Маленький рыцарь пожал руки товарищам.
— Если б вы знали, сколько ядер лежит на майдане! — сказал он. — Просто вообразить трудно. Пройти нельзя, чтобы не споткнуться.
— Видели, — ответил Заглоба. — Вставши поутру, я прошелся по лагерю. За два года куры всего львовского повета не нанесут столько яиц. Эх, если б это были, действительно, яйца, то мы бы состряпали себе отличную яичницу. А надо вам сказать, что за сковороду яичницы я все готов отдать. Солдатские у меня привычки, так же, как и у вас. Я охотно буду есть все, только было бы много. Поэтому я и на поле битвы действую не так, как нынешняя молодежь.
— Ну, и отделали же вы вчера Бурлая, — сказал маленький рыцарь, — не ожидал я от вас такой прыти. Ведь это был рыцарь, прославленный на всей Украине и Туретчине.
— Каково? А? — самодовольно проговорил Заглоба. — Не впервой мне это, не впервой, милый пан Михал. Да, можно сказать, что такой четверки, как мы, во всей республике не отыщешь. Ей-Богу, с вами и с нашим князем во главе я пошел бы охотно хоть на Стамбул. Заметьте только: пан Скшетуский убил Бурдабута, а вчера — Тугай-бея.
— Тугай-бей не убит, — прервал поручик. — Я сам почувствовал, что сабля только скользнула по нему, и сразу нас разделили.
— Все равно, не перебивайте меня, пан Ян. Пан Михал проколол в Варшаве Богуна, как мы вам говорили…
— Лучше бы не вспоминали! — сказал литвин.
— Сказанного не воротишь, — ответил Заглоба, — пойдем далее: итак, пан Подбипента из Мышьих Кишок прикончил этого Пулуяна, а я Бурлая. Не могу утаить от вас, что я отдал бы всех ваших за одного моего Бурлая и что самая тяжелая работа выпала на мою долю. Дьявол это был — не казак, неправда ли? Если б я имел законных сыновей, я оставил бы им хорошее имя. Интересно, как отнесется к этому король и сейм, как наградят нас — нас, которые больше питаются серою и селитрою, чем другою какою-либо пищей.
— Был рыцарь, еще более знаменитый, — сказал пан Лонгинус, — но имени его никто не знает и не помнит.
— Любопытно знать, кто такой? В древности, может быть? — спросил задетый за живое Заглоба.

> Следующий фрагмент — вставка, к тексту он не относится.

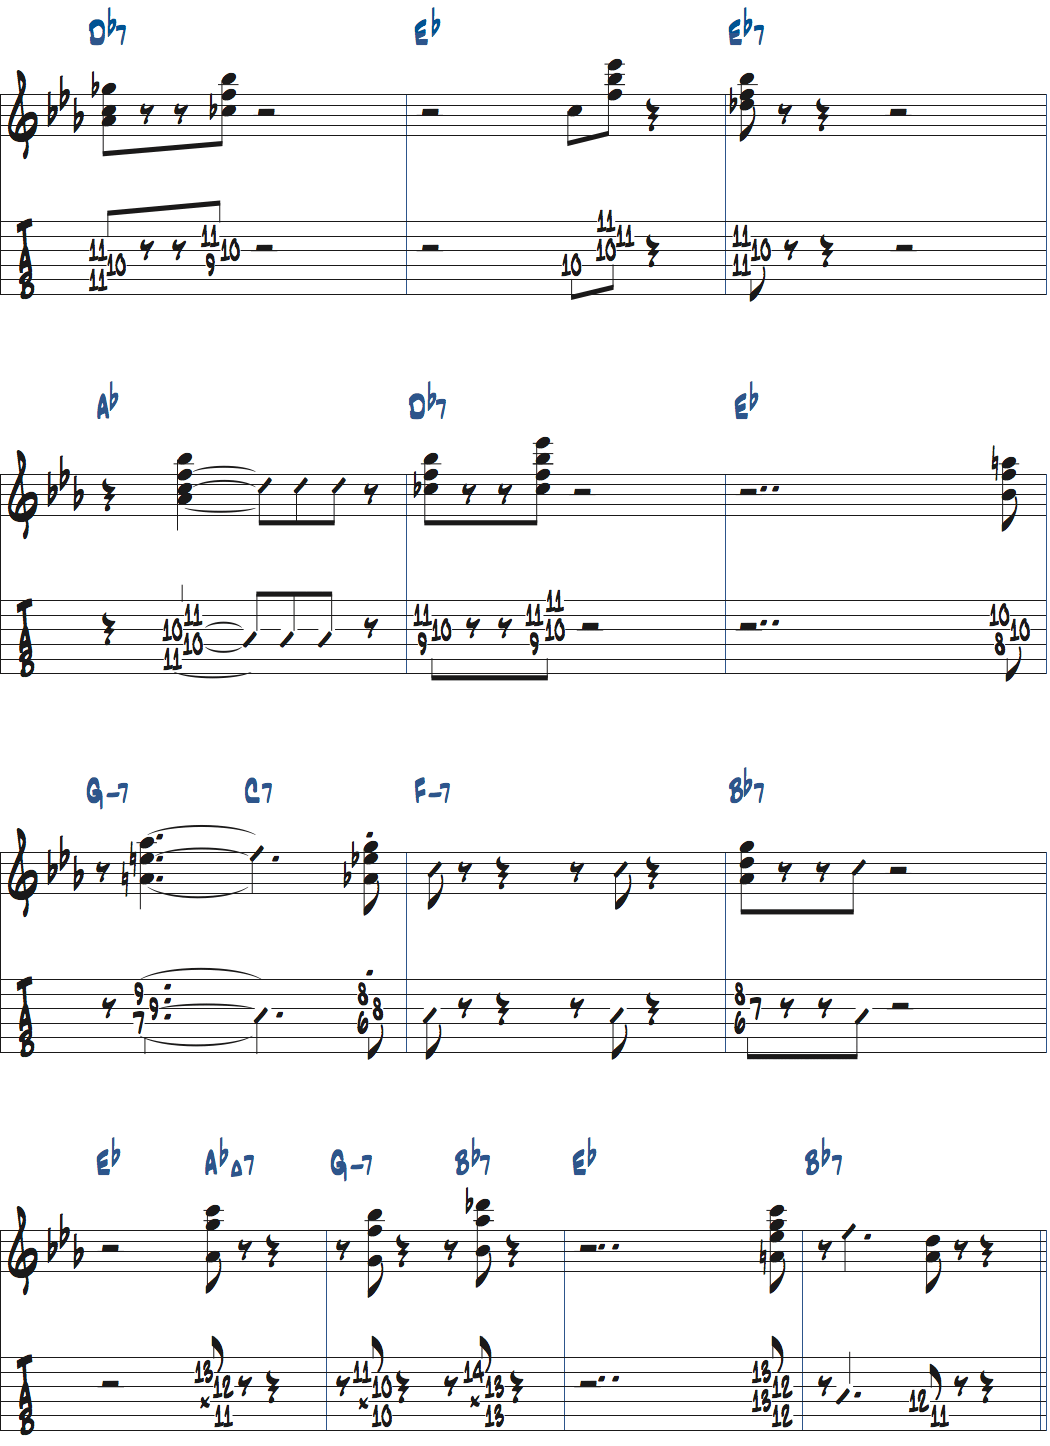 ジムホールのWithout a Songサックスのコンピング1コーラス目楽譜ページ2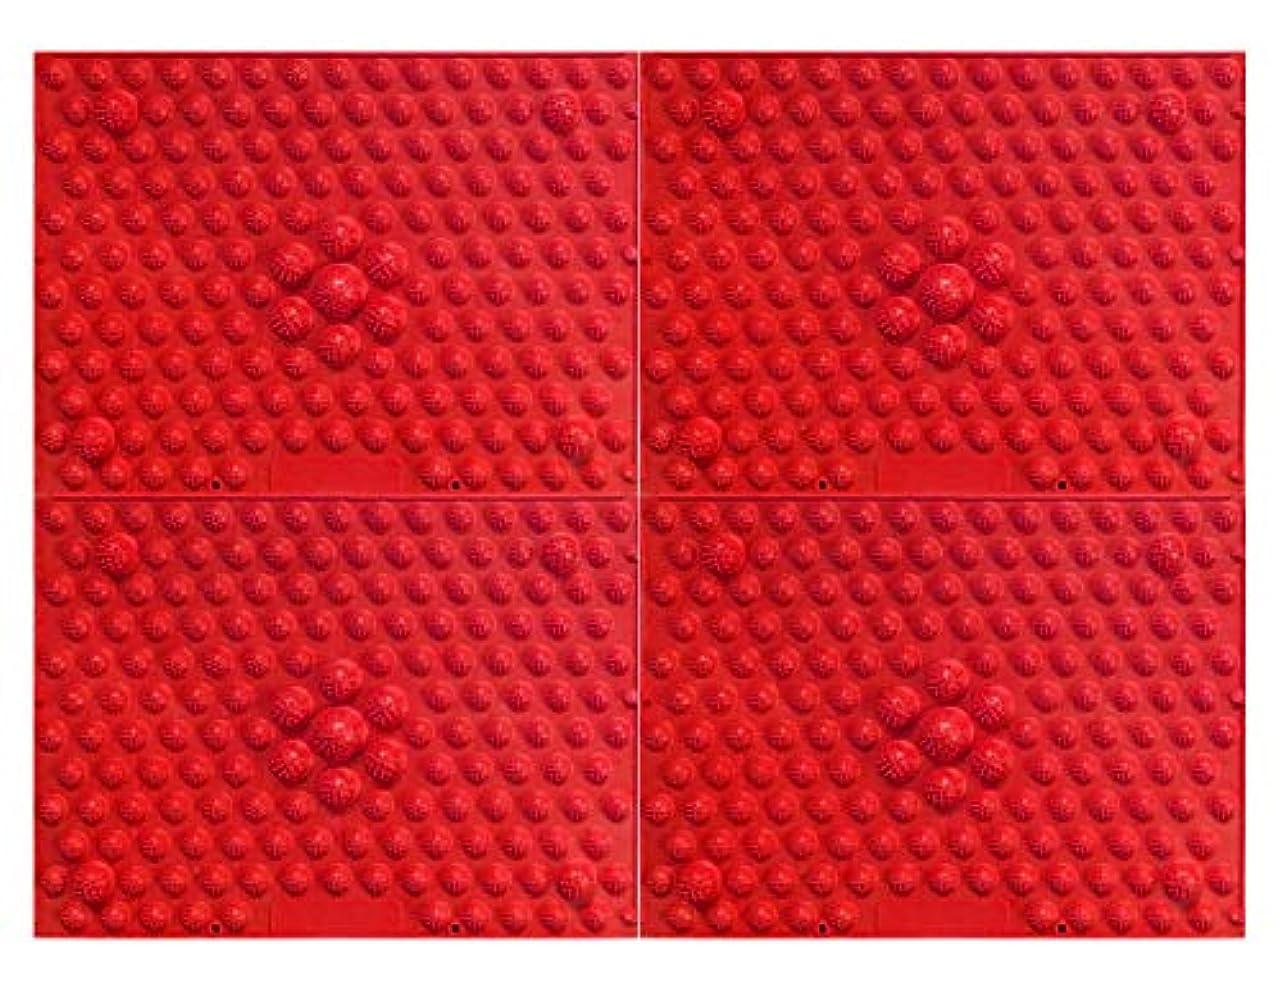 結婚したキャップ方向縦横自由自在足踏みマット4枚セット (赤)

— Не в древности, братец. Тот самый, который короля Густава-Адольфа под Тшцяной повалил вместе с конем наземь и взял в плен, — ответил литвин.
— А я слышал, что это было под Пупком, — вставил пан Михал.
— Однако король вырвался от него и убежал, — сказал Скшетуский.
— Да! Я знаю кое-что об этом, — заговорил, прищуривая один глаз, пан Заглоба. — Тогда я служил под командой пана Конецпольского, отца нашего хорунжего… знаю кое-что! Но скромность Не позволяет этому рыцарю объявить свое имя, и поэтому его никто не знает. Хотя, поверьте мне, Густав-Адольф был великий воин, почти равный пану Конецпольскому, но в поединке с Бурлаем было потяжелее. Уж я говорю вам!